# Can a Bala Shark and RBP get along?



## Paytheplayer (Dec 14, 2007)

I know this sounds ridiculous, but I atleast have to know for sure. My local Pet shop sells Bala Sharks, and Colombian Sharks for just a couple bucks right now. I know the general rule is, in the long run, everything becomes dinner for RBP's. But I mean, I was told that about snails. I had 4 different colours of snails survive. I put 4 Zebra danio in there, they ate 2 and the other 2 have been in there for 2 months.

So anyways, I was wondering, maybe if I got the Bala to about the same size, could he survive? Or maybe a Colombian Shark since I think they are a tad bit more aggressive? Has anybody tried this?


----------



## ChilDawg (Apr 30, 2006)

That's pretty likely to end badly. They could survive, but it's unlikely.


----------



## Piranha_man (Jan 29, 2005)

They'll get along as nicely as the top sirloin I've got on the grill and I'll get along here in about 5 minutes!

And trust me, as far as I'm concerned, that sirloin and I are gonna get along great!


----------



## Paytheplayer (Dec 14, 2007)

I tried a dojo loach before, and for those of you who haven't seen it, it was probably the most aggressive I have ever seen my RBP's. Those were also on sale for 2 bucks, so I got 2, put one in my community tank and one in the RBP tank. They immediately chased him down and he was gone in literally 15 seconds.

So Im guessing maybe more of the same with the Bala or Colombian is what you guys are getting at?


----------



## ChilDawg (Apr 30, 2006)

Paytheplayer said:


> I tried a dojo loach before, and for those of you who haven't seen it, it was probably the most aggressive I have ever seen my RBP's. Those were also on sale for 2 bucks, so I got 2, put one in my community tank and one in the RBP tank. They immediately chased him down and he was gone in literally 15 seconds.
> 
> So Im guessing maybe more of the same with the Bala or Colombian is what you guys are getting at?

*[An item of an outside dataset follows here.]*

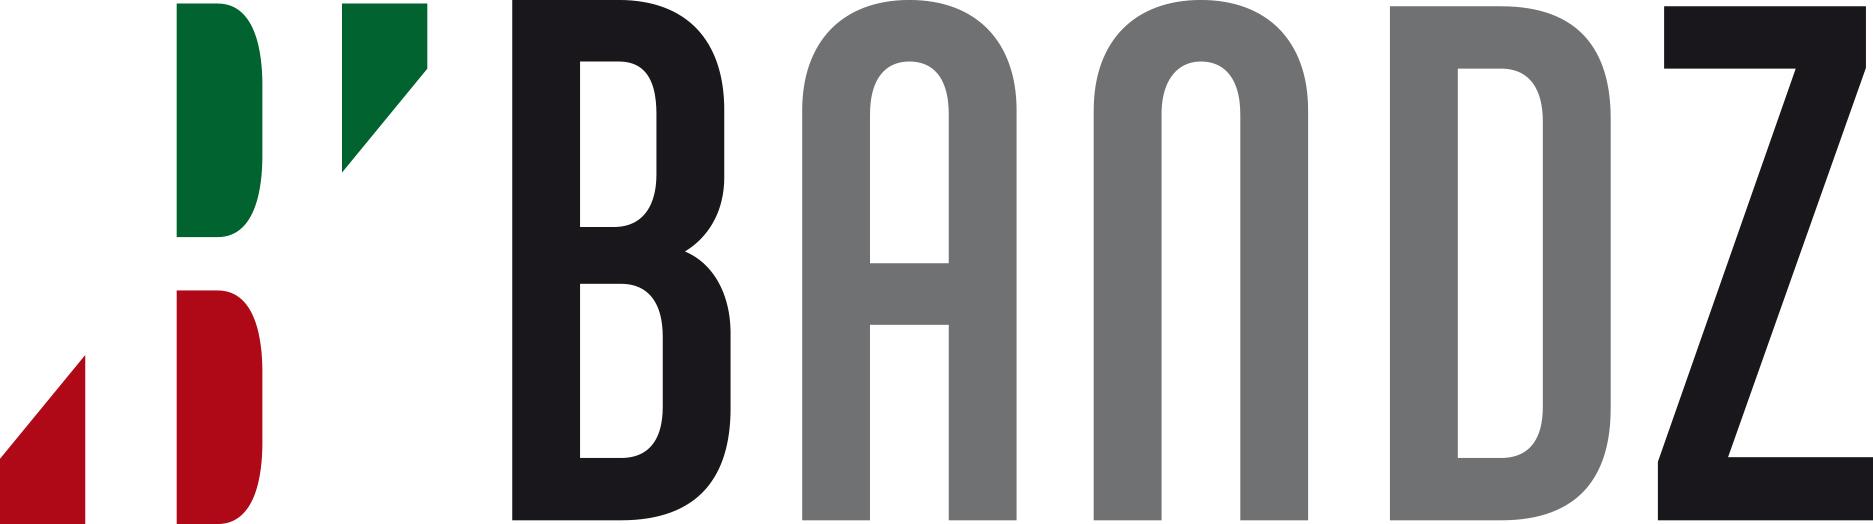 Bandz - Aromi

No doubt. Not all Ps are snail-killers as a rule, so the fact that your snails made it through doesn't surprise me, but sounds like your ps have already told you their intention towards future tankmates of legitimate size. (It also doesn't surprise me that they'd let smaller fishes go...)


----------



## Paytheplayer (Dec 14, 2007)

Well its weird, theres actually a silver goldfish that they never ate. I gave it to them 3 weeks ago, they approached it a few times, and then eventually left him alone. So I put in 2 goldfish a couple days later, they ate those ones after about 15 mins, and once again left the same silver one alone. So I put 2 silver ones in a week later, and they actually make a point not to eat this guy. Now, once anything else enters the tank, even this goldfish thinks hes one of them now and starts nipping at things.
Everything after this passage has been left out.